All seems lost. But with wisdom and knowledge of nature, the farmer advises his workers to wait patiently until harvest, when the separation between mature heads of wheat and the unwanted darnel will take place. The wheat will go into the barn, and the darnel into the fire, where its future is nothing but ashes and smoke.

It is encouraging to recall that parables like this one are spoken to us disciples of Jesus to give us insight into how to live in the real world where our faith is challenged daily. Does this parable not reflect what it is like for the one who tries to live in the kingdom of God? We have to deal with the bad that exists right alongside the good. Whether it be people or situations, evil is a fact of life. Jesus does not try to explain it away. Least of all does he try to justify it.
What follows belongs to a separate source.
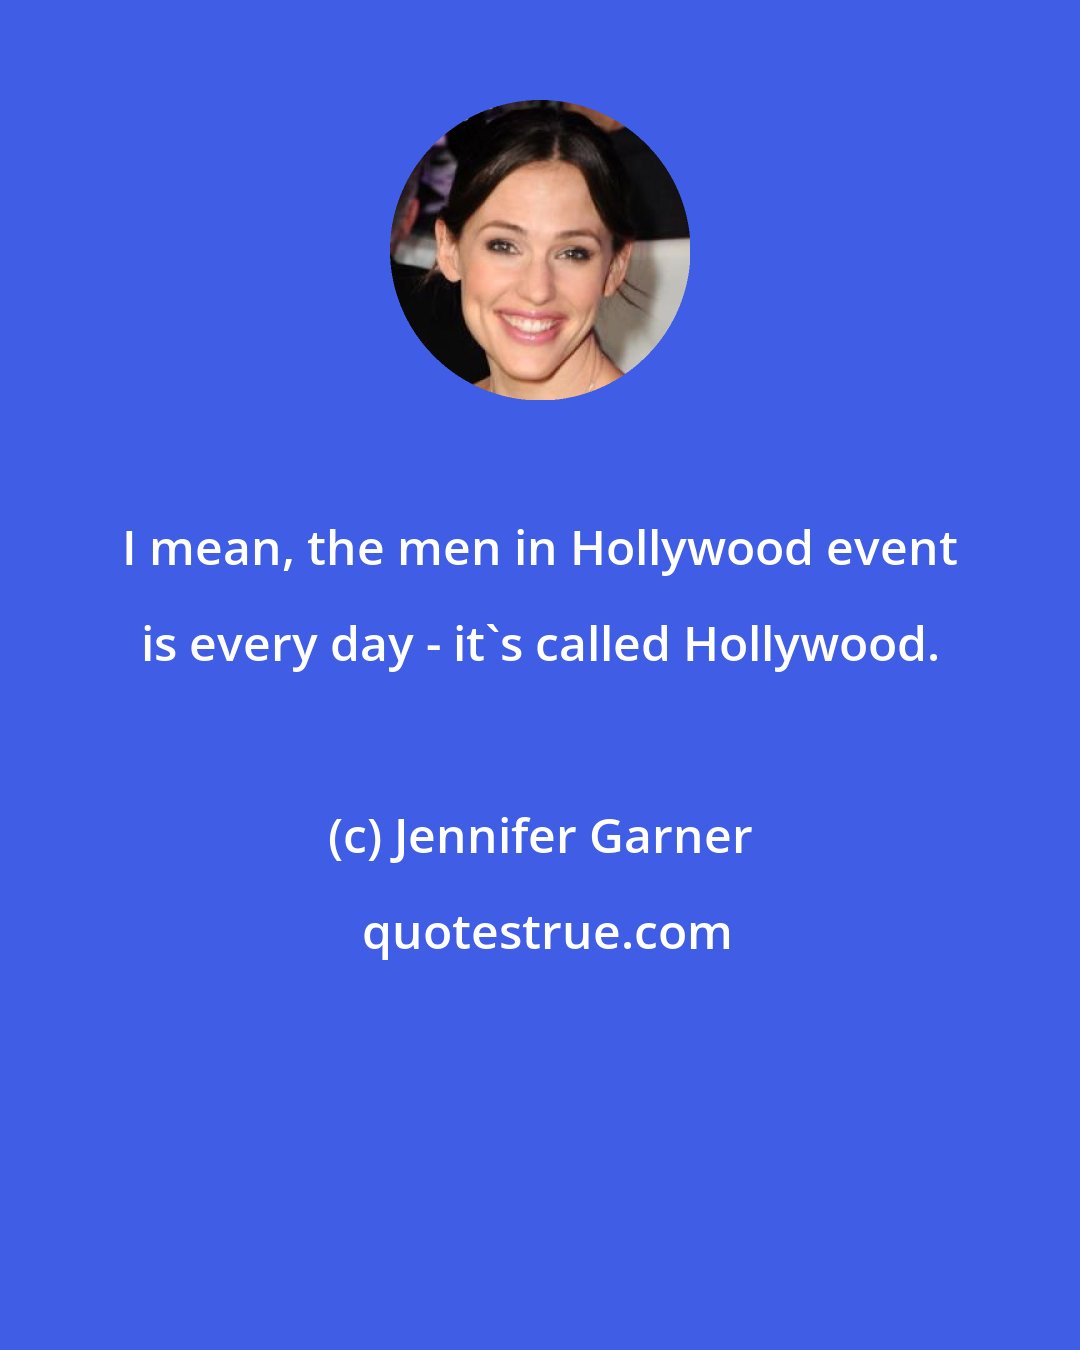 Jennifer Garner: I mean, the men in Hollywood event is every day - it's called Hollywood.
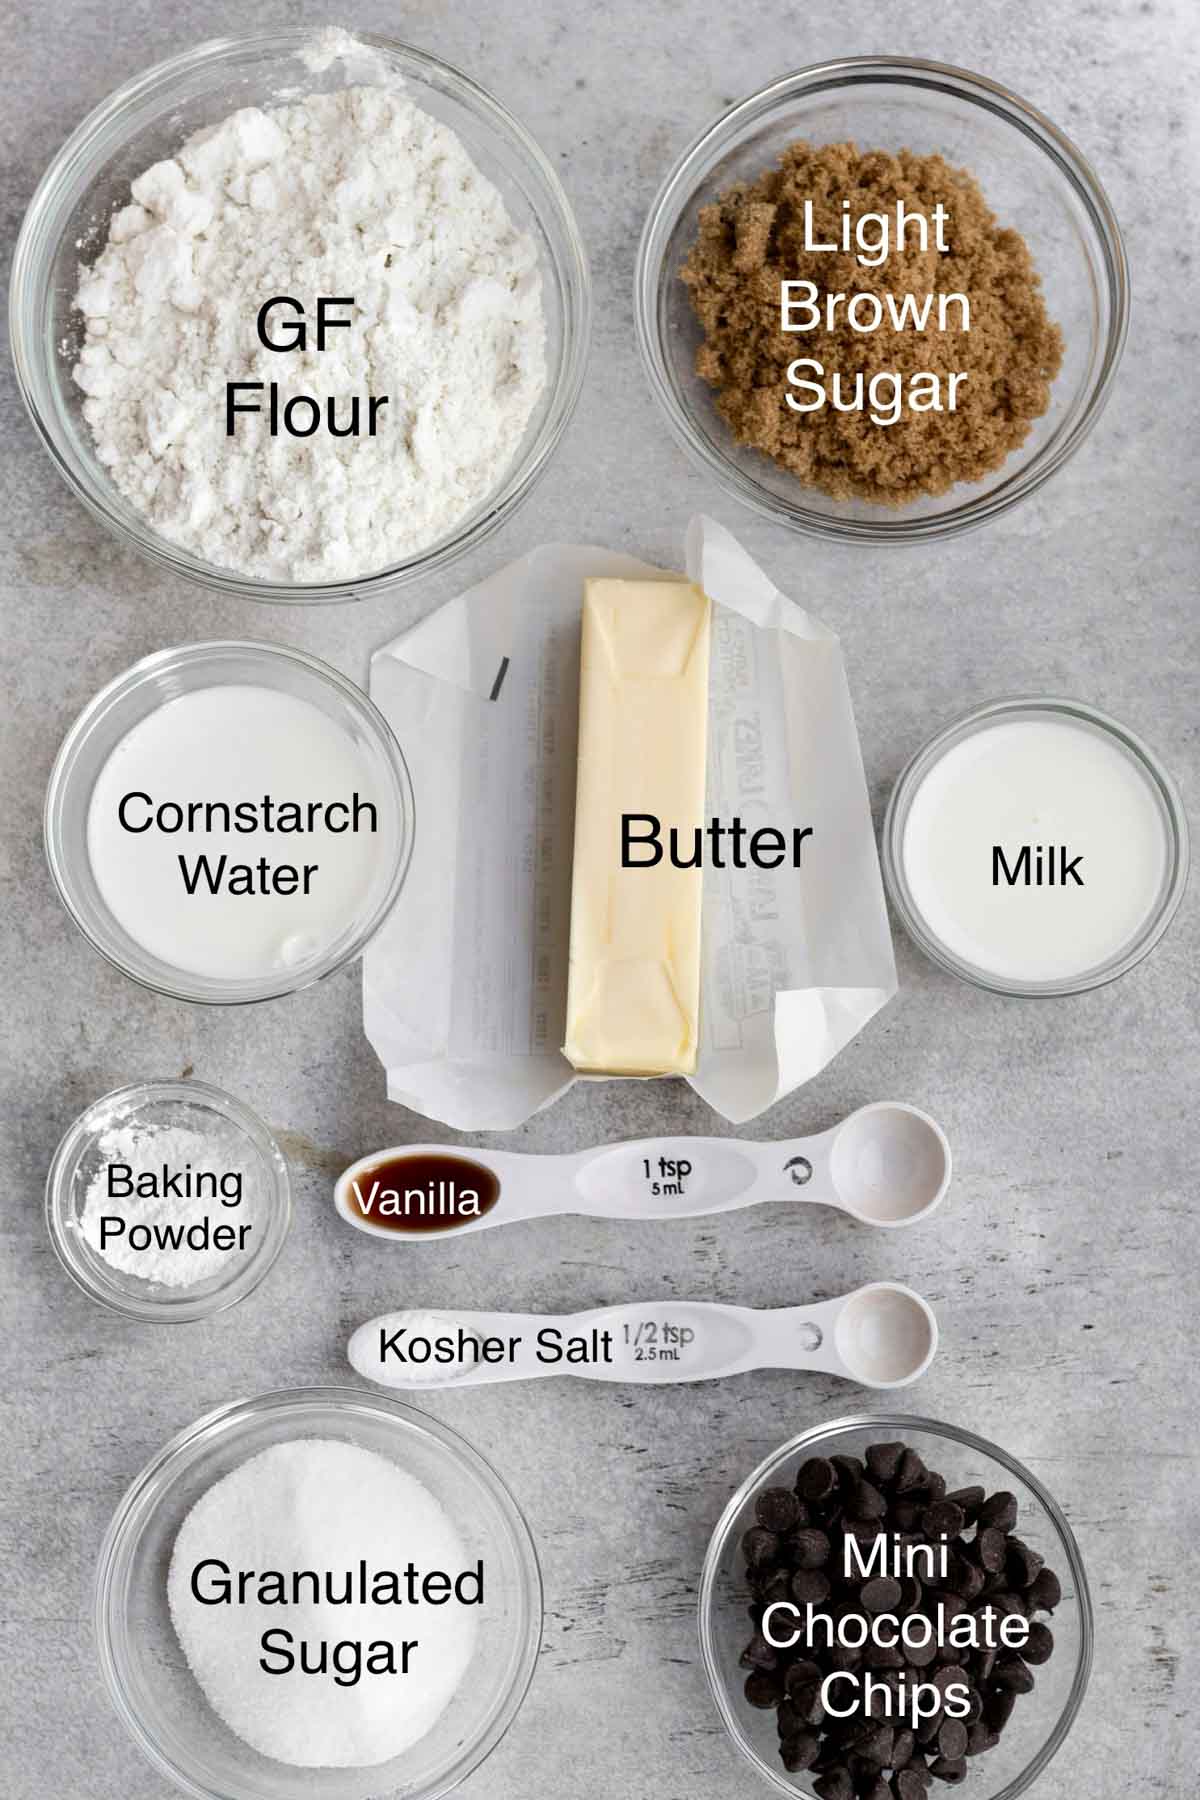 The ingredients for Chocolate chip sugar cookies which are gluten free flour, light brown sugar, cornstarch water, butter, milk, baking powder, vanilla, kosher salt, granulated sugar and mini chocolate chips in separate containers.

But he does teach us how to deal with it in faith.

One of the greatest challenges to our Christian faith is the seeming triumph of evil around us: the wicked neighbor or fellow worker who seems to receive all the “blessings” in life. Those whose corrupt lifestyle seems to go unchecked – and even appears to be rewarded. This kind of challenge is not unknown to Jesus. The point he makes by means of his parable of the weeds and the wheat is simple but quite exact: His followers need the attentiveness of good workers who indeed can spot the evil around them and name it for what it is. Moral truth is not just relative to opinion and personal preferences. Immoral living is immoral living. Evil is evil. And the closer we grow to the way of God, the more obvious evil becomes, both within ourselves and in the world around us. It is frustrating to live in world where evil appears to triumph – or at least, seems to flourish. We often want to respond with violence. The workers in the parable had the equivalent of agricultural road rage. Get out the Round-Up and blast those weeds! The result would have been the destruction of the very thing they were to save.

Disciples of Jesus must be conscious of the evil around them, but above all we need to act with the dignity and integrity of true sons and daughters of God. Vengeance (which is a form of punishing violence) belongs to God alone. Jesus does not advise us to keep our mouths shut in the face of evil, but he does caution us against any form of verbal or physical violence which destroys both its target and our own Christian dignity.

Disciples live in the kingdom of God with a sense of perspective. They know that contrary to appearances, time is not on the side of moral evil. In God’s good time the harvest will come as weeds and wheat show themselves for what they truly are. But it is God’s harvest, not ours. Jesus assures us that evil will not triumph in God’s plan of salvation. The good harvest will be gathered into the barn of God’s kingdom. On the other hand, although they seemingly have had their day, the weeds will receive what they truly have produced and what they merit: nothing.

(Father Savelesky is pastor of the parishes in Rosalia and St. John, administrator of St. Rose Parish in Cheney, and is the diocese’s Moderator of the Curia.)